Your answer should hold exactly the lines below from the line with "80% of consumers" through the line with "Perfect Poof Pumpkin", both included, and no pictures at all.

### DATA EXCERPTS
---------------

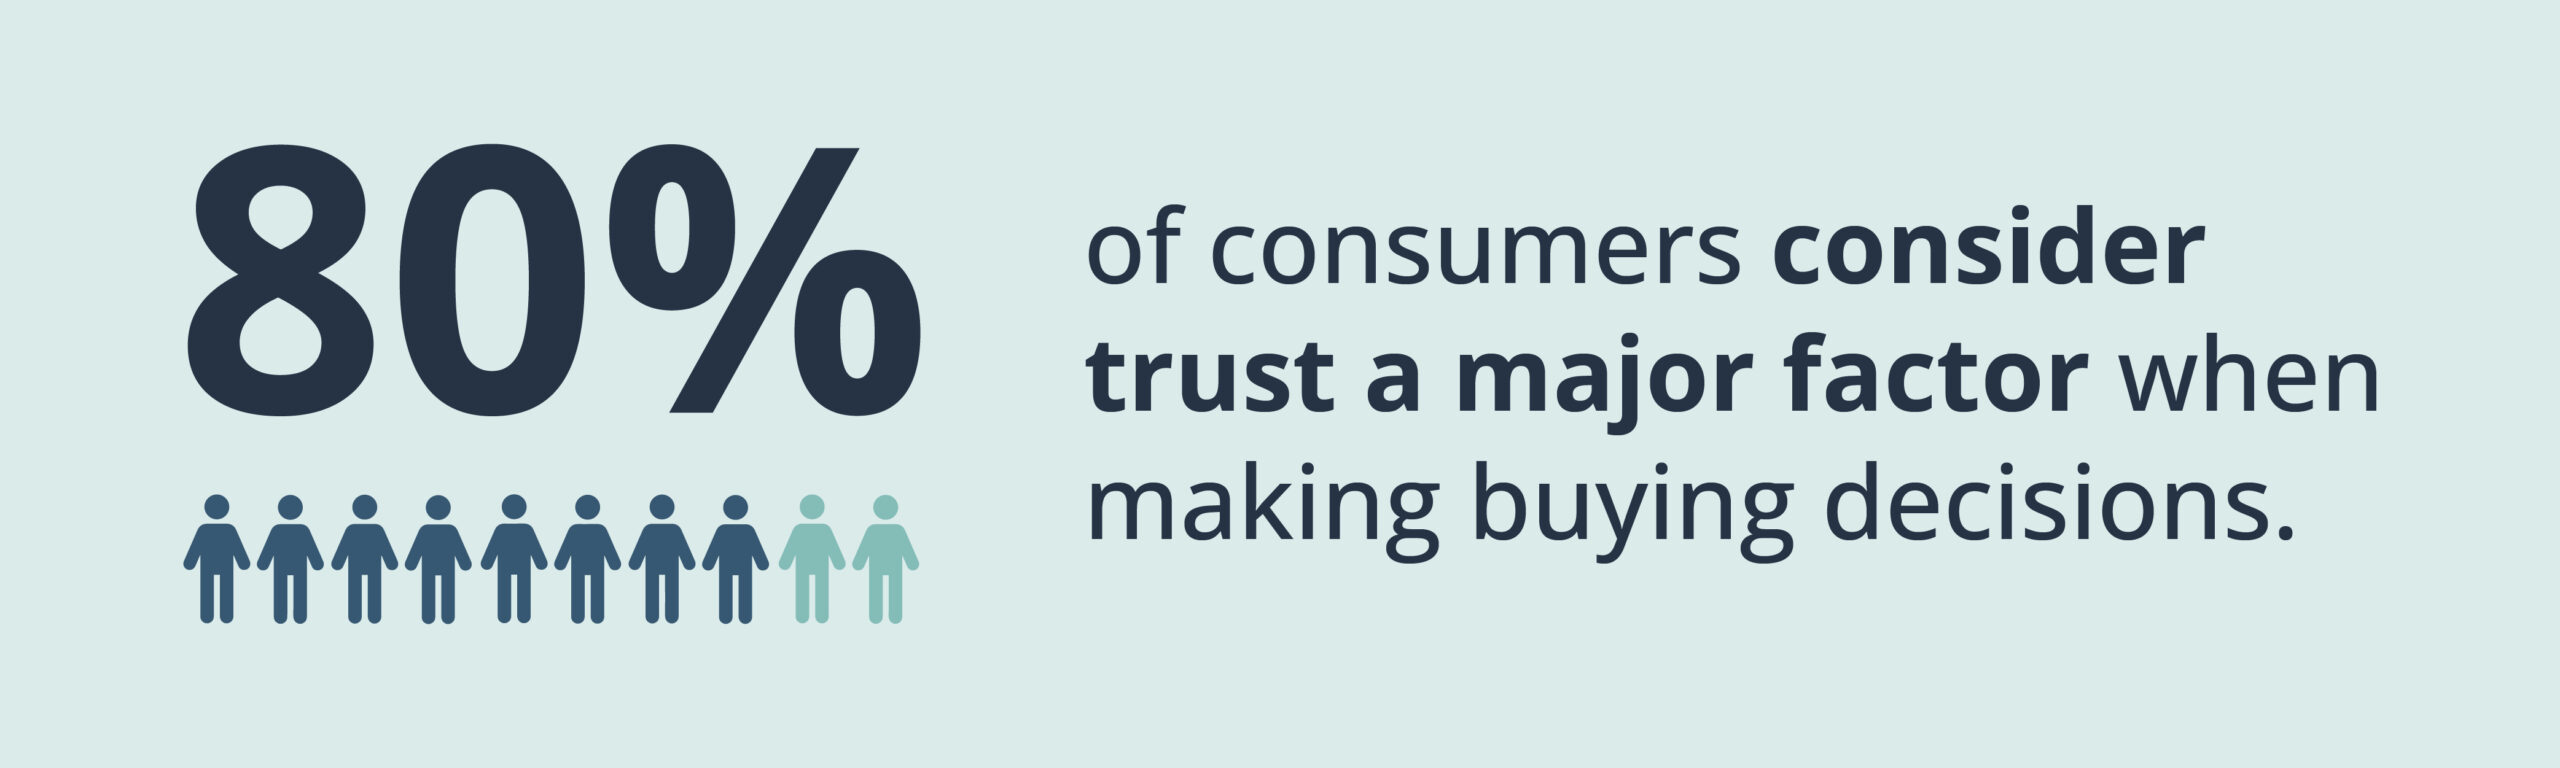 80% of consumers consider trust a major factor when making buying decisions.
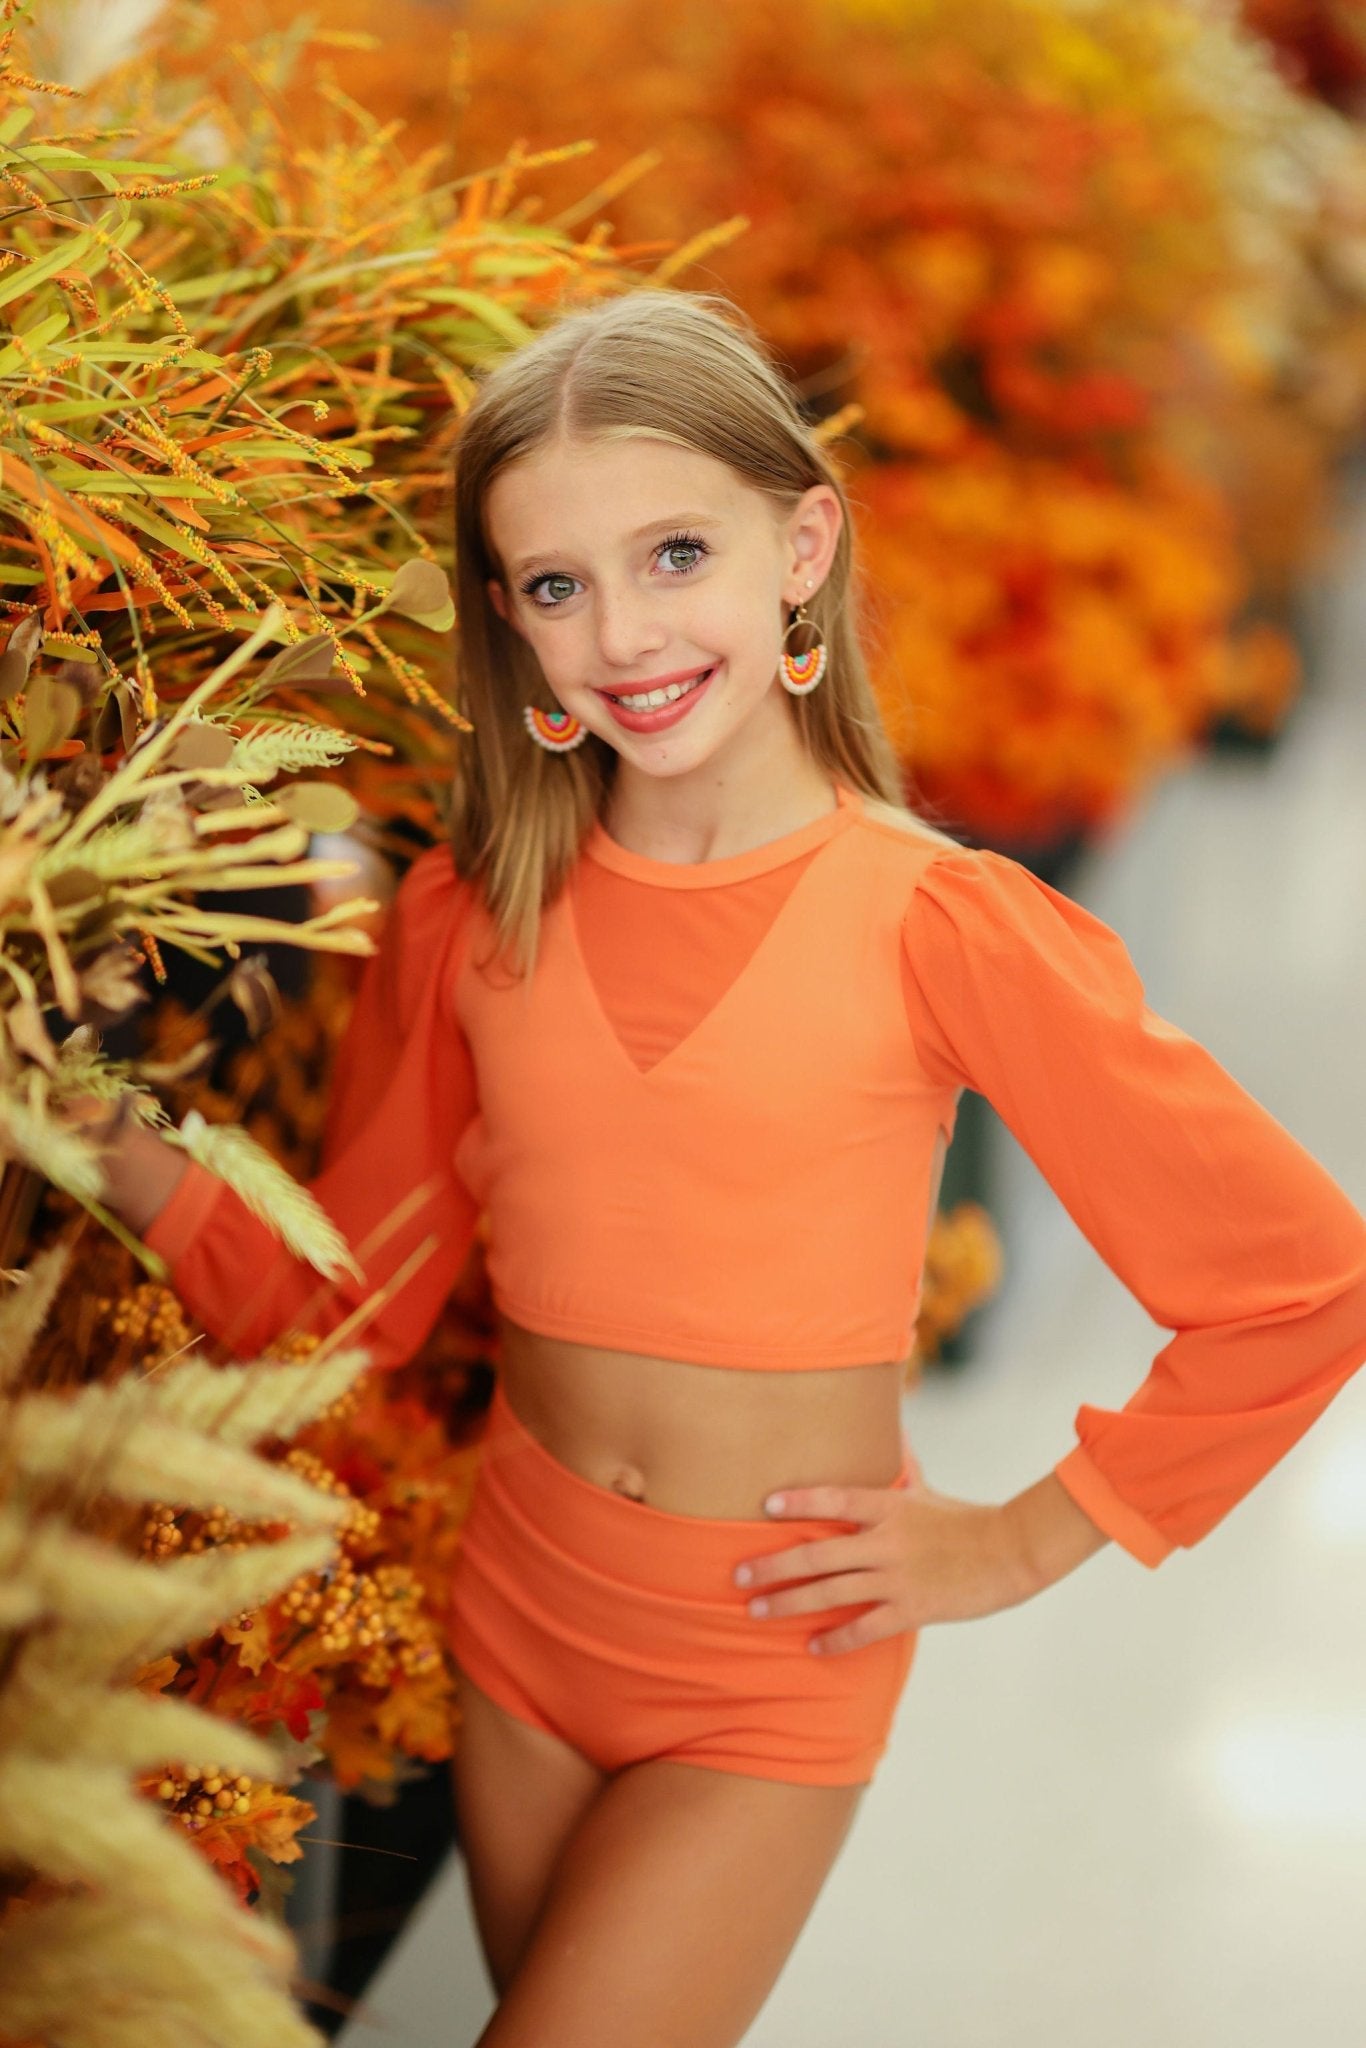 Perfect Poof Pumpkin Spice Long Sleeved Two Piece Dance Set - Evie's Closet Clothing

---------------

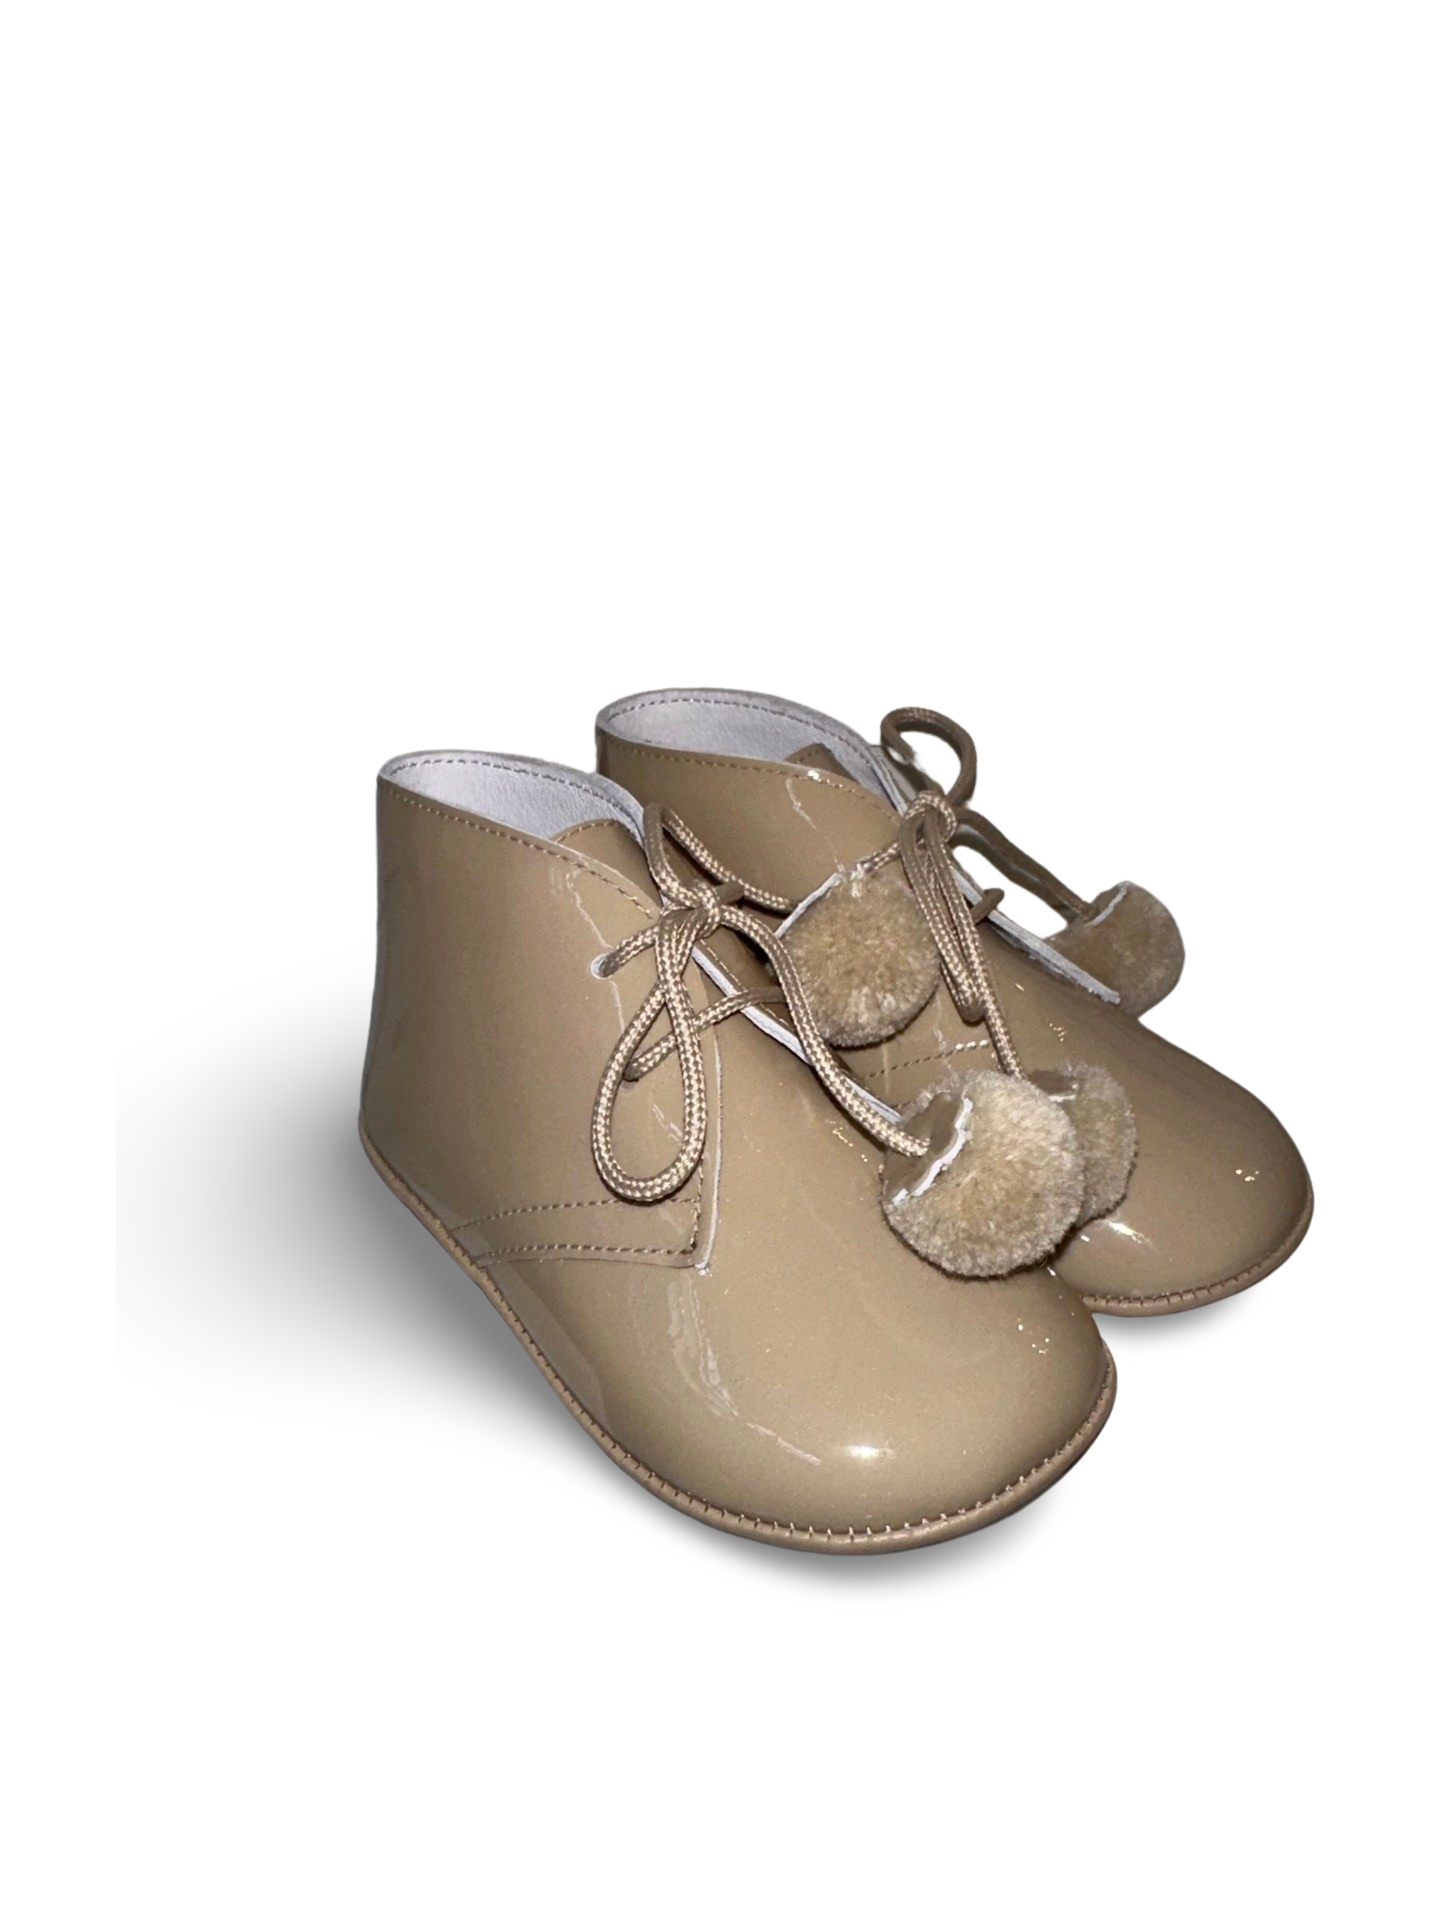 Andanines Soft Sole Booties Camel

---------------

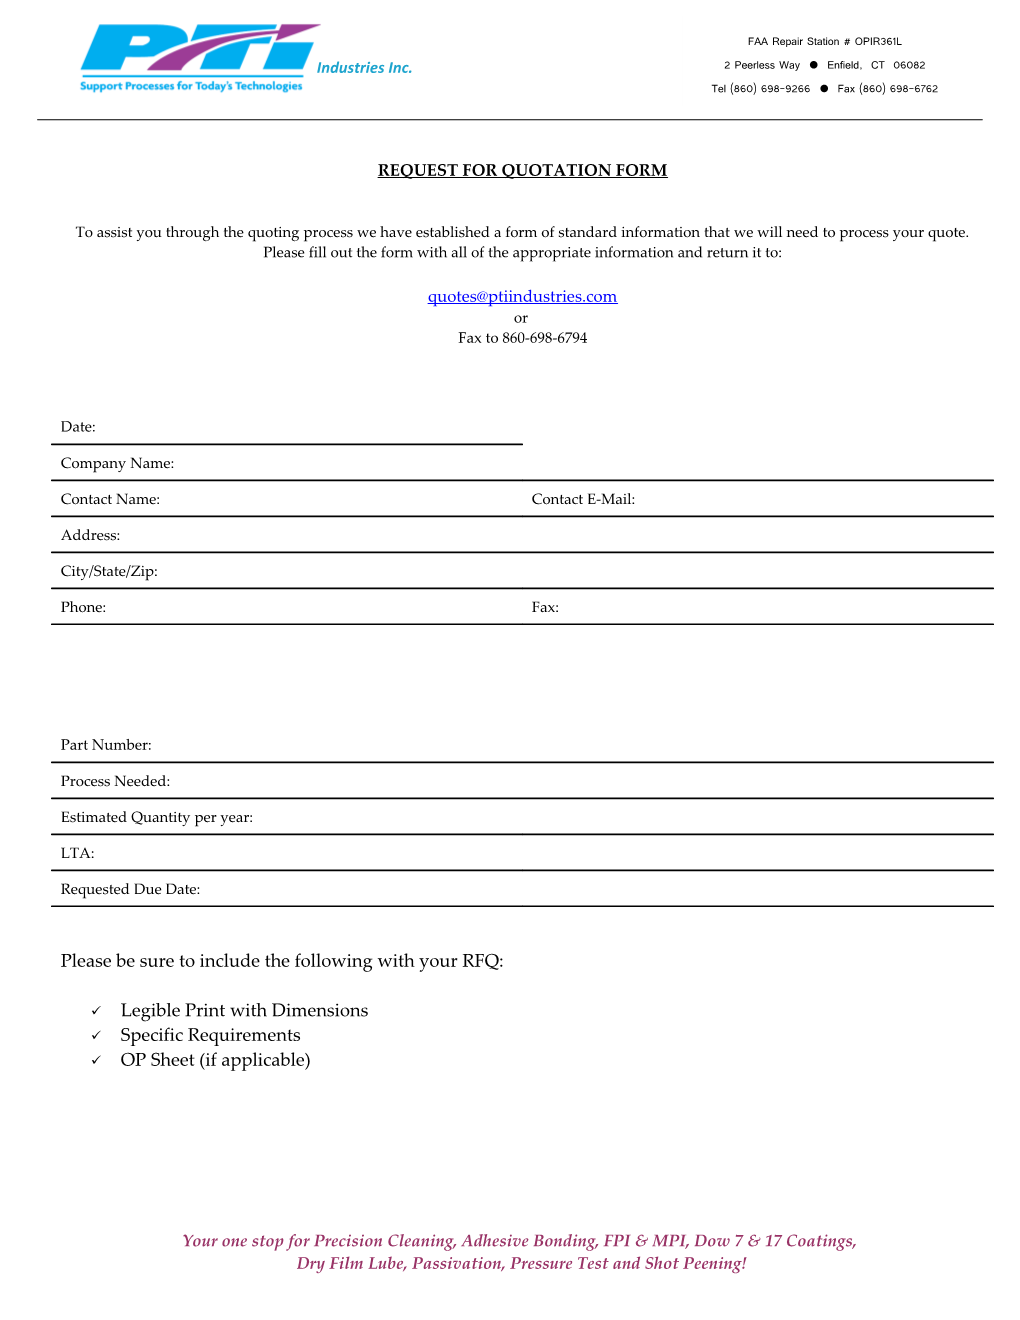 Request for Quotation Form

---------------

### RESULT FOR THIS EXERCISE
 80% of consumers consider trust a major factor when making buying decisions.
 Perfect Poof Pumpkin Spice Long Sleeved Two Piece Dance Set - Evie's Closet Clothing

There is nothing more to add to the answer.